Naja okay es gibt wohl Dupes aber du darfst nicht vergessen das man auch überall Gold kaufen kann. Ebay und Co. 
Ausserdem gibt es sehr viele Spieler mit sehr viel Zeit. 
Der Vater einer meiner Freunde z.B. ist Frührentner und zockt aktuell mehr als gut für ihn ist. Wenn der mal weniger als 16 Stunden am Tag spielt wird er "unausgeglichen" ^^.
Der war am 18.5. schon 60 und farmt seitdem stundenlang am Stück Gold und Items. 
Aktueller Barbestand gut 31 Millionen und kein Stück davon gecheatet oder gekauft.
Viel Glück gehabt, manierliche Loots bekommen. 
Selbst ich schaffe es doch aktuell ne Million am Tag zu farmen und mein Equip ist mit knapp 100% mehr Gold + 5 facher Level 60 Buff nicht grade das tollste. 
Trotzdem kauf ich mir keine Items für 5+ Millionen Gold. Da geh ich lieber in D3 Foren suchen da gibts genug Kaufgesuche und Verkäufe um die 15% Steuern vom ingameAH zu umgehen 

Und mir 1.0.3 soll Inferno leichter werden, steht hier iwo auf buffed in den News. Die Schadensspitzen sind laut Blizzard einfach höher als sie sein sollten. Knackig wirds sicher immernoch sein für ne Weile zumindest aber wenn ein Barbar mit 90k Leben, 11000 Rüstung, 600 resi all, 20% ausweichen, 20% parrieren, mit 2000 lifereg die Sekunde, 1000 lifereg pro Treffer binnen 2 Sekunden tot umfällt DANN ist hier und da vielleicht doch das ein oder andere ein klein wenig übertrieben hoch was den Schadenswert angeht. Die Amis können wunderbar fluchen über sowas  Wenn ich jetzt noch koreanisch könnte würde ich zugerne Mäuschen in deren Foren spielen. Die gehn ja richtig ab.


----------



## Caps-lock (30. Mai 2012)

Da wird sich nach und nach wieder die typische Zweiklassengesellschaft ergeben (mit der ich super leben kann).
Die einen werden nach perfektion Streben und Unsummen für perfekte Items ausgeben und die anderen (ich) kaufen für 10% des Geldes Items die 90% gut sind .
War schon in D2 so und wird hier nich anders sein.

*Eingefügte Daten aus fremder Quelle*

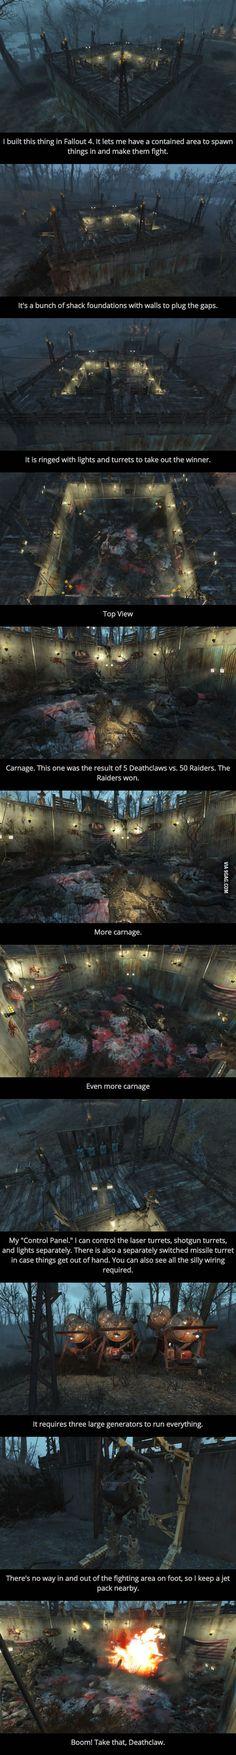 Fallout 4 Arena

Die Klassensets haben teilweise Randomstats und die entscheiden sehr stark ob ein Item gut oder mies ist.
Bei den Waffen muss allerdings auf alle Fälle nachgebessert werden.

Ich hab grad mal die "Goldpreise" auf Ebay angeschaut und ich muss echt sagen ohaohje...
Da kann eine gute Rüstung durchaus mal 100 Euro wert sein.

Das wird echt spannend, sobald man im Echtgeld AH einkaufen gehen kann.


----------